Saturday, January 29, 2011

I Read This #1

So we received this in a box of advance reader copies generously sent from St. Martin's Press a couple months ago. I picked it up--I don't know why. I mean, I know why. I like Wonder Woman, and there's a pretty girl on the cover. I'm a soft touch in that sense. I didn't know who Olivia Munn was. I have since come to know her as "that girl on that laddish network I don't watch" and "that new girl on the Daily Show". I have alas not come to know her as "that girl who wrote the surprisingly interesting autobiography".

When my employees saw me standing over the box of galleys with this one in hand they clearly thought the idea of me reading Munn's autobiography was just heeee-larious, but the first few pages, about a weird awkward Vietnamese-Chinese air-force brat covered head to toe in Disney licensed clothing and growing up in Oklahoma, were actually kind of arresting, and the more my employees thought it was preposterous that I might read it, the more I wanted to read it. I brought it home and promptly chucked it in a corner and forgot about it.

Fast forward a couple months to now, when the Spring 2011 textbook season is starting and I'm working crazy long days and honestly don't have the energy or attention span for challenging books. Times like these I crave fun books, so it's out with Virginia Woolf, in with Olivia Munn. It was a quick read, but the promise of the beginning doesn't really pan out. About half the book is less biography than it is a collection of not-ready-for-TV bits about how to talk to girls or other disposable nonsense that I think you're supposed to assume is funny even though it isn't--the kind of filler articles you find in glossy magazines for dudes, which I suspect is probably more ghostwriter than Munn herself. And while the rest is ostensibly Actual Biographical Material the true biography peters out by around page 10, and everything after that is really just about the work of achieving and maintaining a solid level of c-list celebrity. Like, once on a photo shoot for a Playboy cover, the stylist was totally an asshole! Okay?
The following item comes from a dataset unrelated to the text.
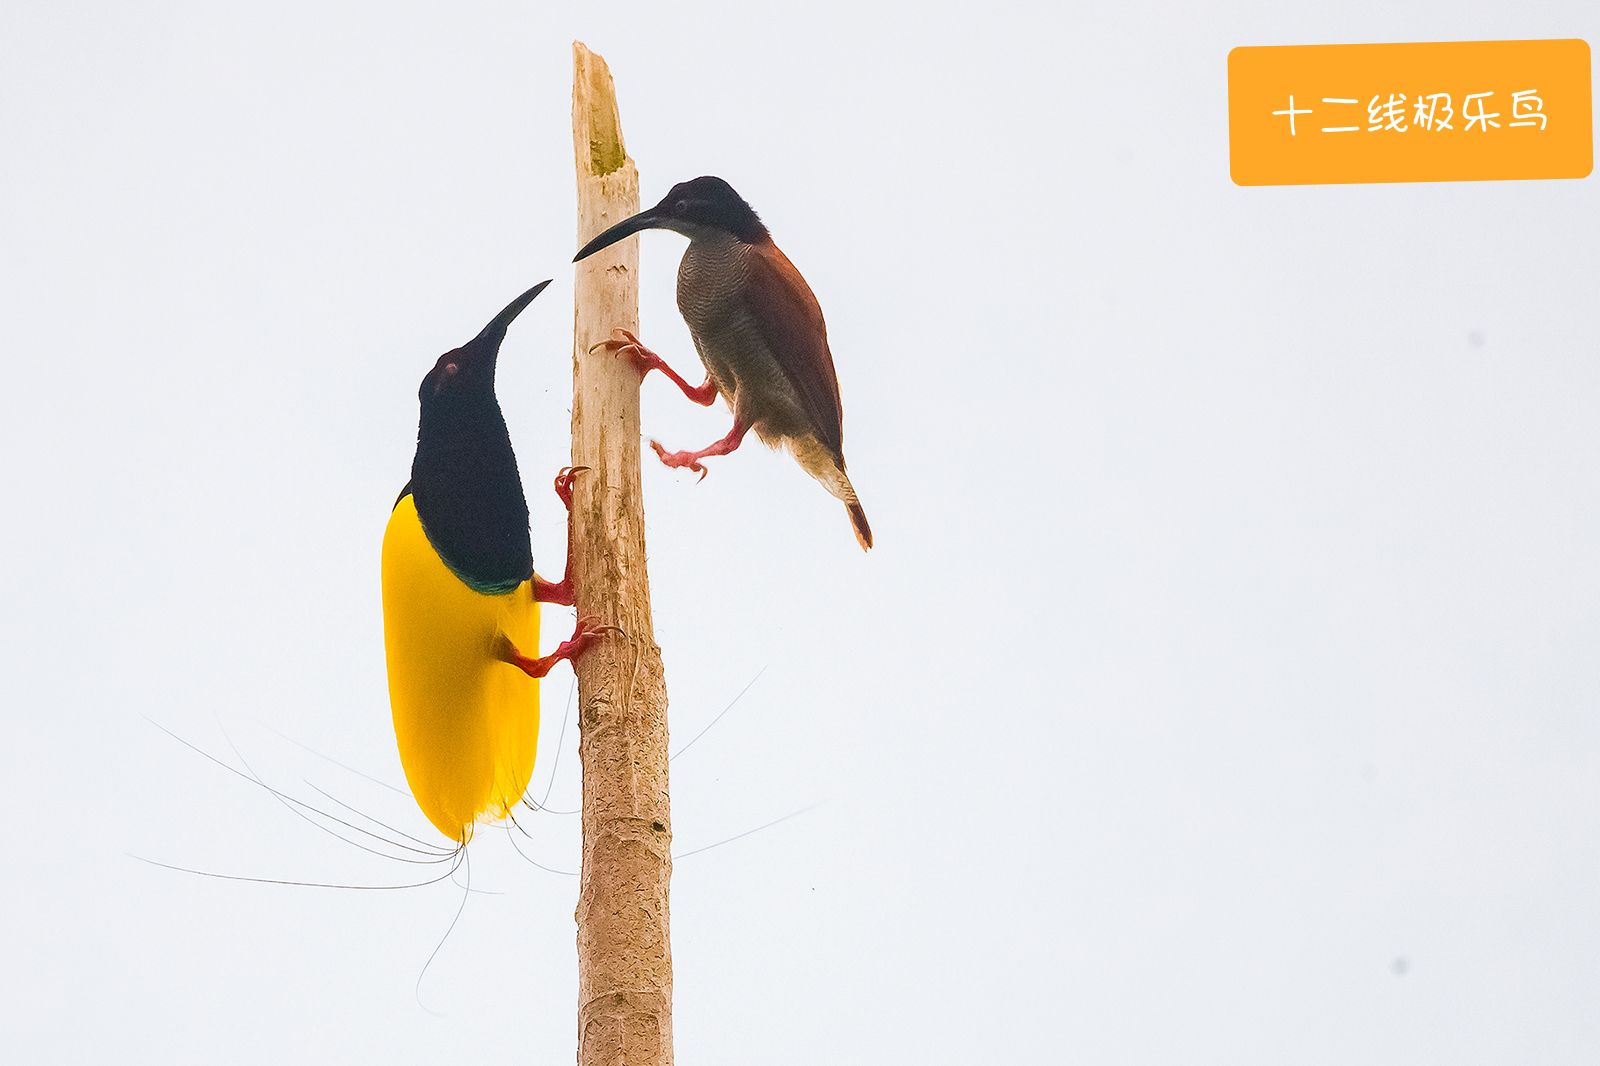 极乐鸟是全世界最为奇特的鸟，主要生活在巴布亚岛。12线极乐鸟尾部有12根线，公鸟在跳求偶舞时，舞动1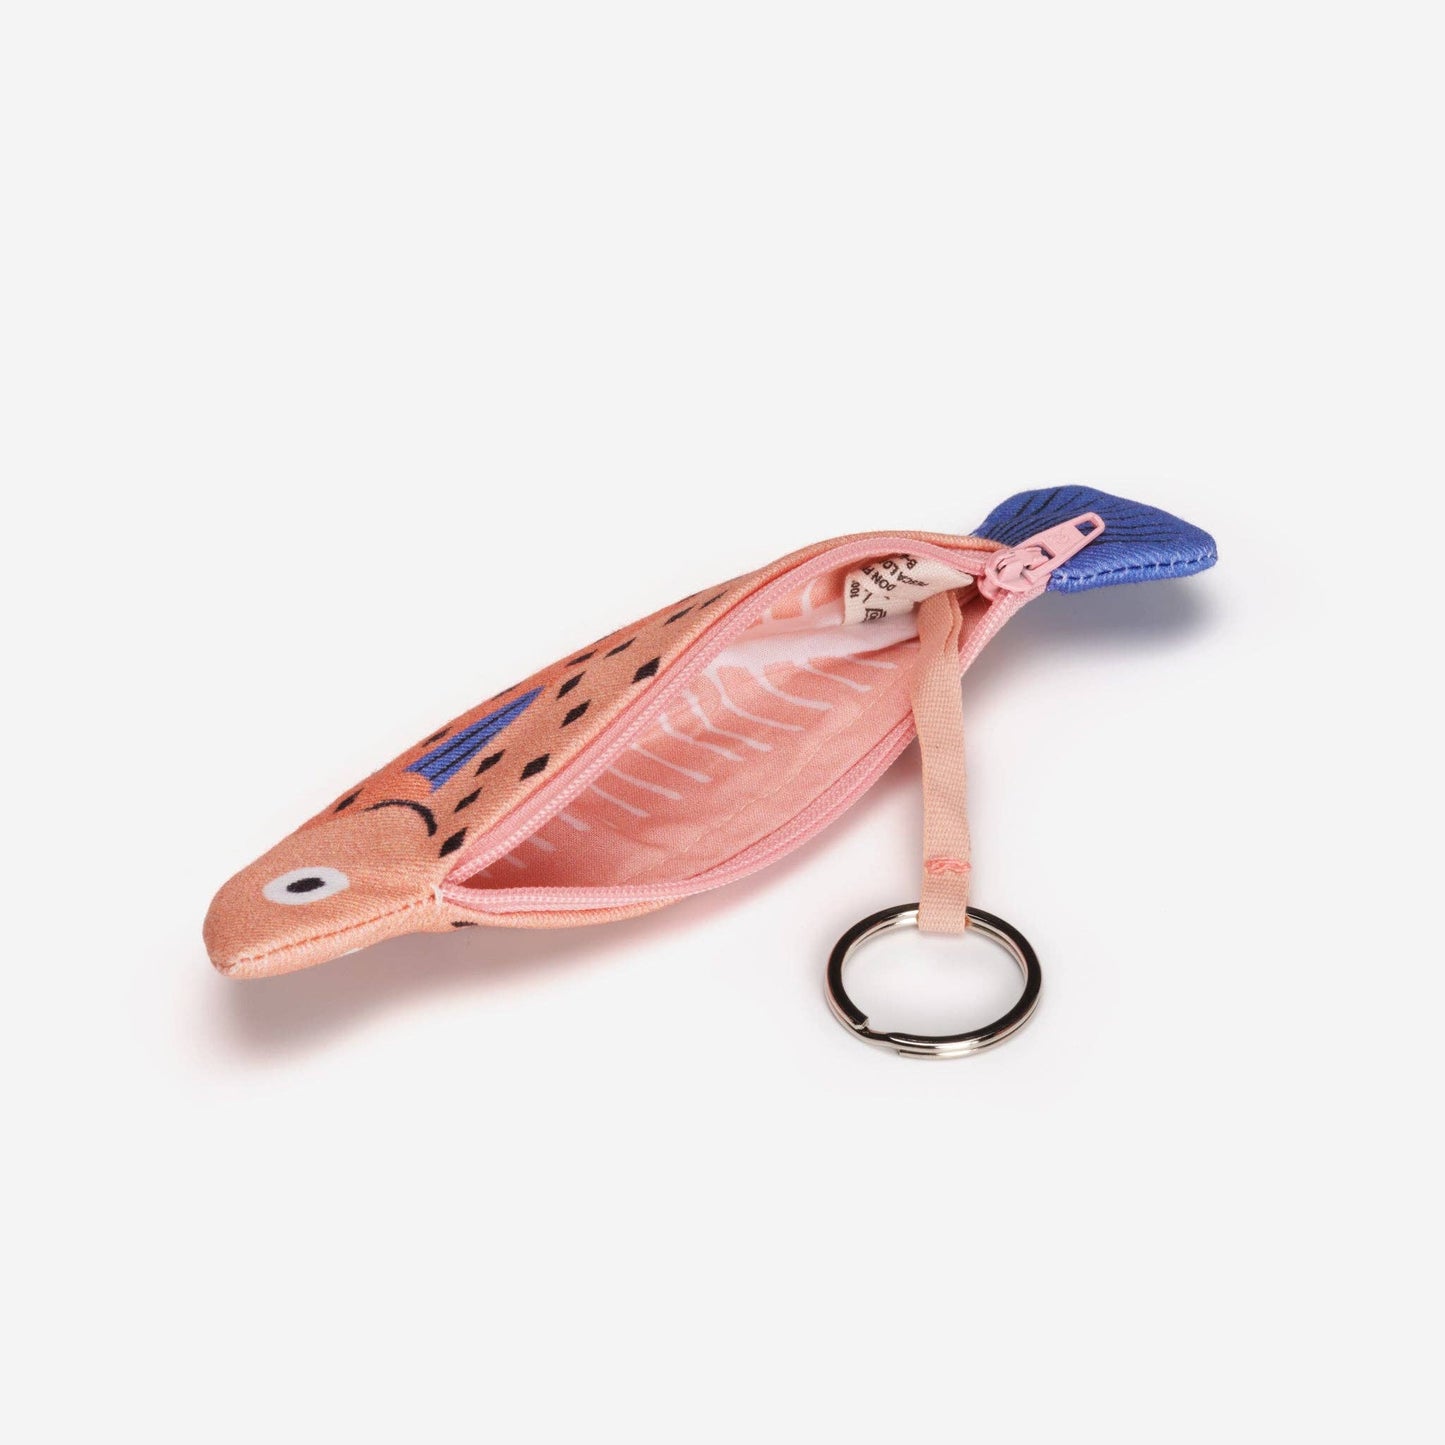 Pencil case / key ring Whiting pink: Key ring

The problem with this stuff is that Munn remains utterly guarded the whole time, and never lets the reader get closer than the average red-carpet interviewer, so it just comes off like hearing a stranger on the train talking about their workplace. Like, can you believe Martin in accounting? Seriously! The nerve of that guy! Also, everybody knows that guy wears a toupee. He isn't fooling anyone.

It isn't all bad though. I do think Munn maybe has a real book in there somewhere. The more candid stuff about just being a weird Chinese kid in Oklahoma with a pretty, blond, blue-eyed sister whom people openly and quite cruelly preferred to her--Munn's still pretty hesitant to go deeper than what is explicitly happening on the surface, but you can see the iceberg below the waters at least. The later chapters, not so much.